I drank a second glass of water to clear my throat.

"It does not state here," I said, pointing to the newspaper, "that the clothing is unmarked."

"No, it does not, but I assume it, for if his handkerchief, or shirt, or any of his underclothing, bore his initials, the fact would be at once made public to expedite discovery. The reasonable conclusion, therefore, is that there are no initials on his clothing to assist the police. A fortunate thing for you. L. F. It would be all over the country. Some woman with whom he is connected—not his mother—would say to herself, 'L. F., Louis Fordham.' For the best of all reasons the man she is interested in does not make his appearance. Away she goes to the police, examines the clothes, examines the body, and declares the name of the murdered man."

"Why would not his mother do this?"

"Again, for the best of all reasons. She is dead."

"My stepmother dead!"

"As a doornail. You are in luck. Alive, and the body proved to be that of her son, she would argue it out. 'Who was my son's bitterest enemy—who has always been his bitterest enemy? Who but John Fordham?' She would swear to bring the murderer to justice; she would leave no stone unturned; she would hunt you down, John; she would tell the story of your life, with embellishments, in the public court, and make your very name infamous. Lucky for you, therefore, that she is dead. As I was saying, it may be difficult to identify unmarked clothing, but not so with a watch. It is almost a living witness, and found in your possession would send you to the gallows without a tittle of other evidence. What on earth made you run off with it, and what on earth made you leave your own behind? Your health, John. Talking is dry work. Wouldn't you like to ask me a few questions?"
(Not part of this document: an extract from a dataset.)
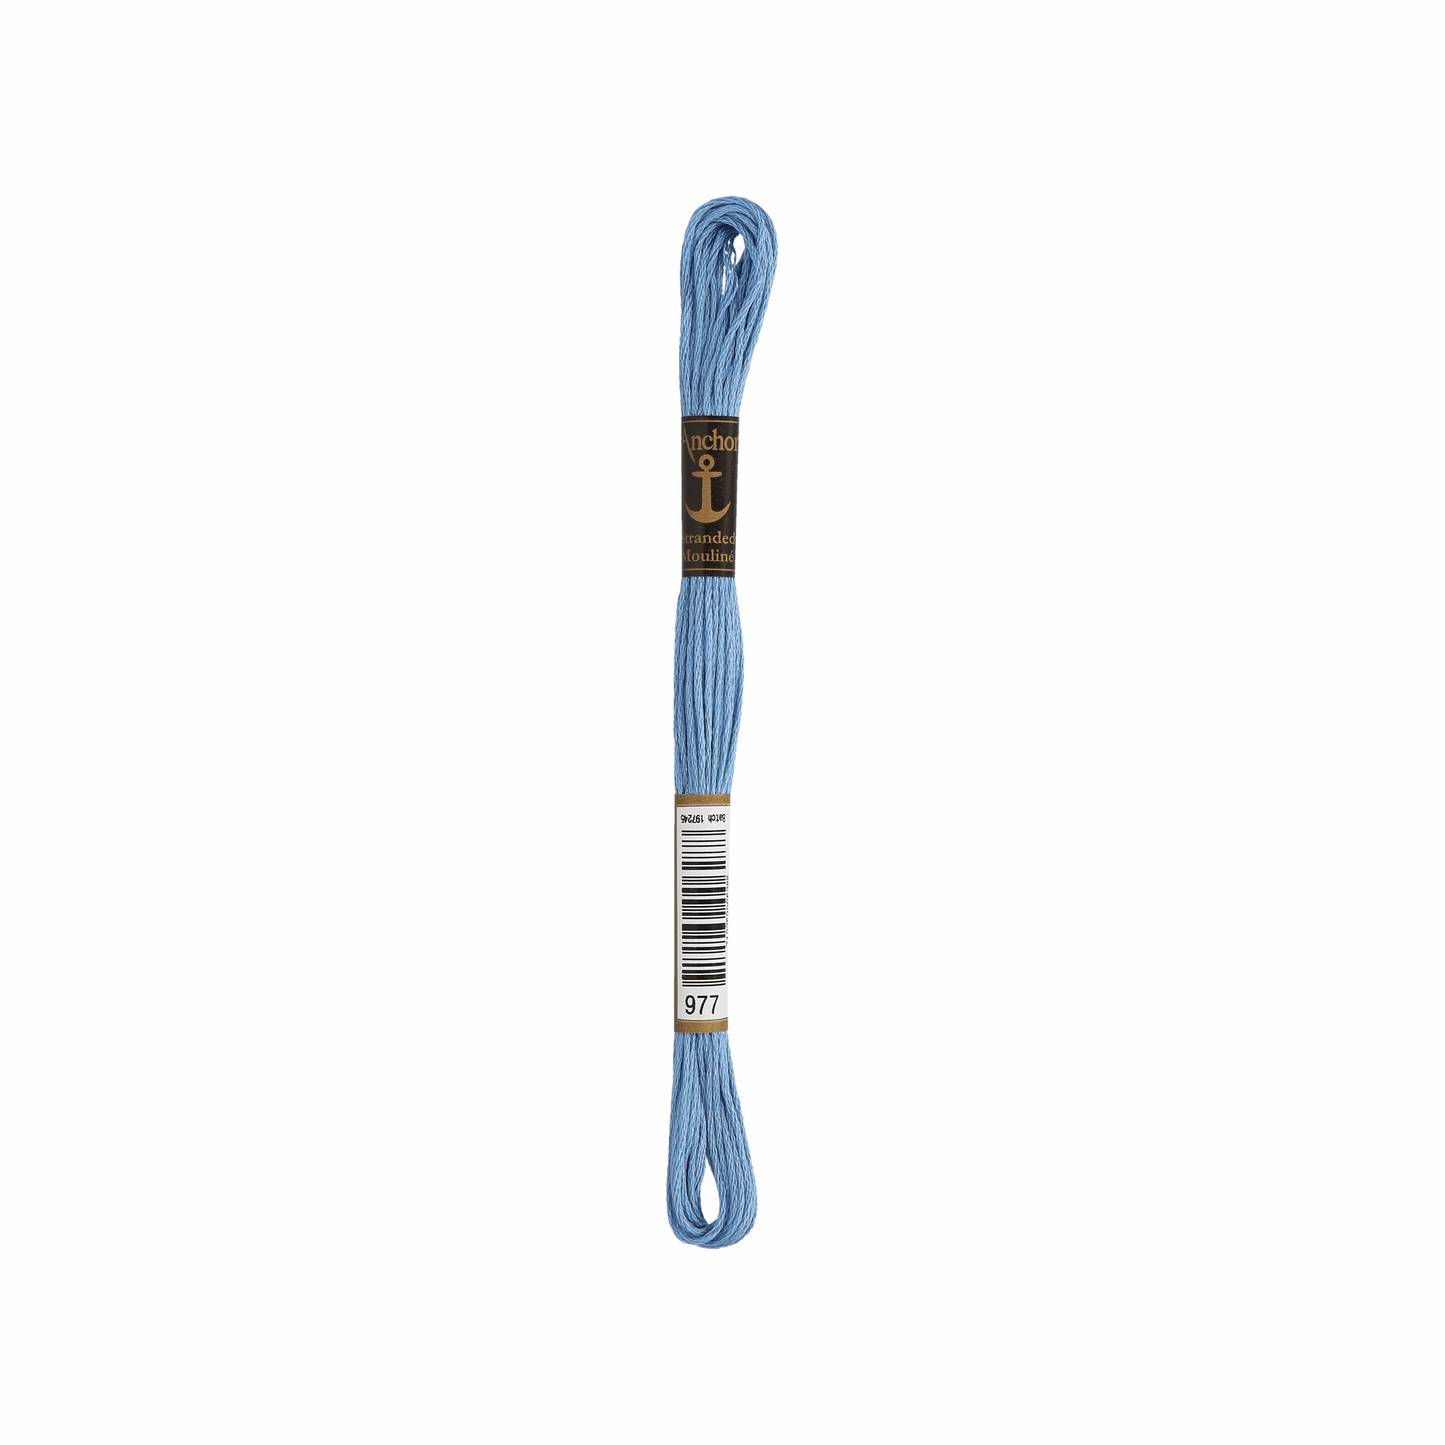 Anchor Sticktwist, 2g, Farbe 977 porzelanblau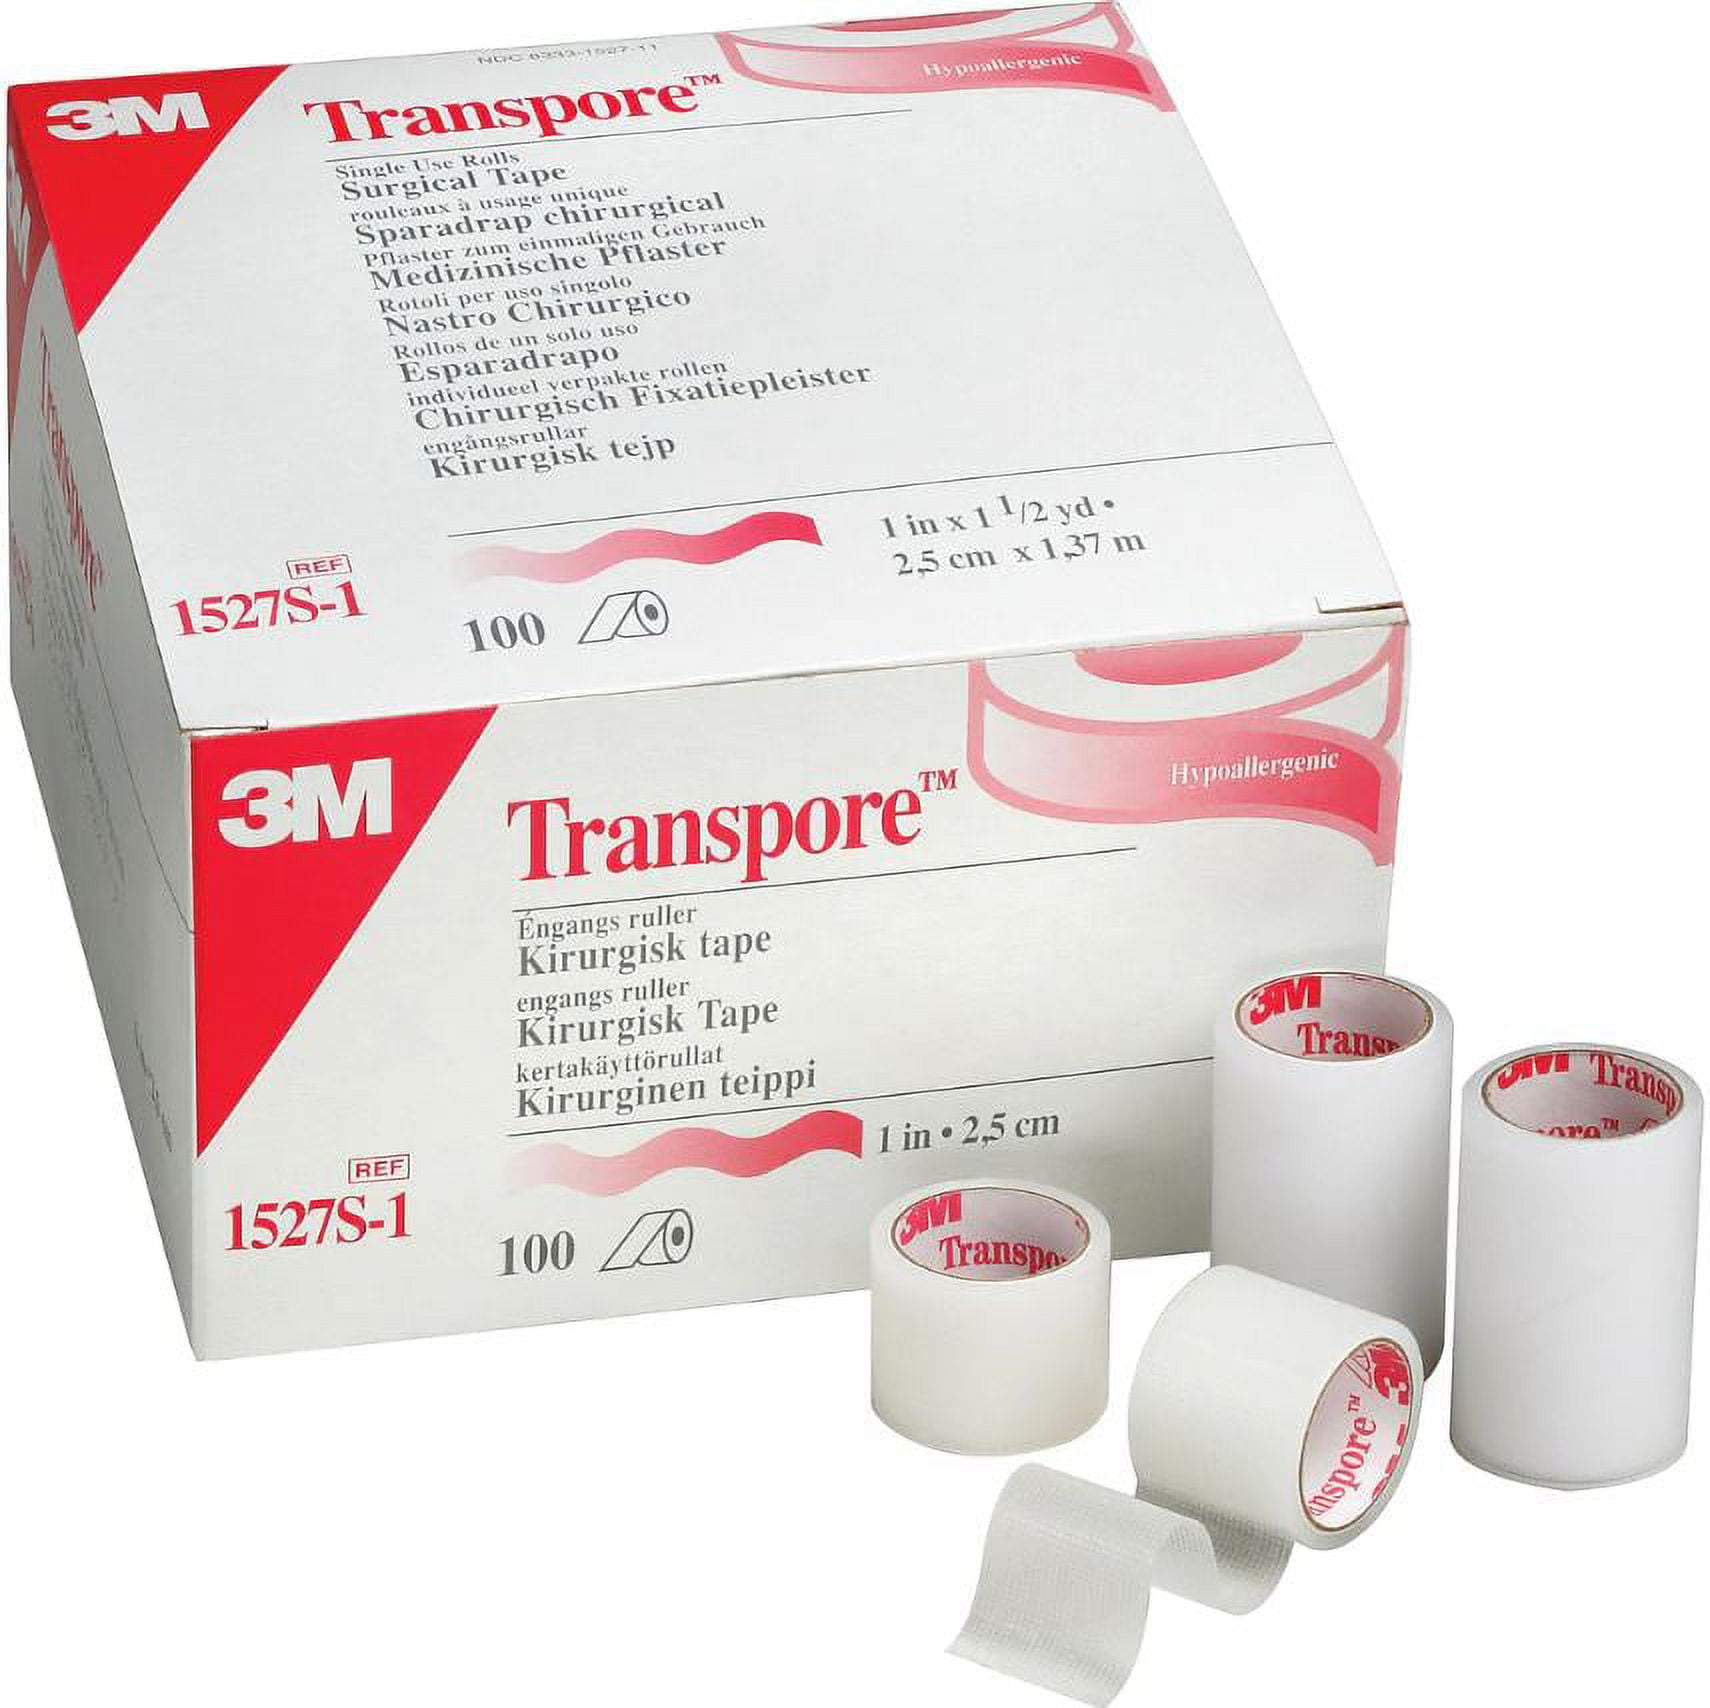 3M Transpore Medical Tape 1 x 10 Yd 1527-1, 1 Box, 12 Rolls/Box, 1 Inch X  10 Yard - Gerbes Super Markets

"Tell me what you know, and how you know it. I cannot ask questions."

"Anything to oblige, and in any way you please. I will a round, unvarnished tale deliver. These are capital cigars of yours; you were always a good judge of tobacco. Well, then, to begin, with the prefatory remark that one part of it might be called a chapter of accidents. I won't dwell much on the past; it isn't by any means an agreeable subject, and I am quite aware that there was no love lost between us. But one thing I will say—I think we were all unjust to one another, all a little too hard on one another, making the worst of everything instead of endeavoring to smooth it over. You had provocation; Barbara had hers. She got the idea of another woman in her head, and it drove her to excesses. You can't deny that she was mistaken in her idea; another woman there was, another woman there is—and then, there's the child. That sort of thing is enough to drive a wife mad, so you can't call yourself blameless for poor Barbara's death, because you see, John, one thing leads to another. By a process of reasoning you might be proved to be the direct cause of your wife's death, and therefore her murderer. No doubt you can justify yourself to your own satisfaction, and I am not going to argue with you, but as Barbara's brother it is due to her memory that I should say a few words on her behalf. Of course you know, through your solicitor, that when you disappeared I tried to discover your whereabouts. You were too clever for me, and for some time I was at fault; at length I found out—never mind how—that you had gone to Australia. Then came the question, had you taken the other woman with you? I found an answer to it. You had not."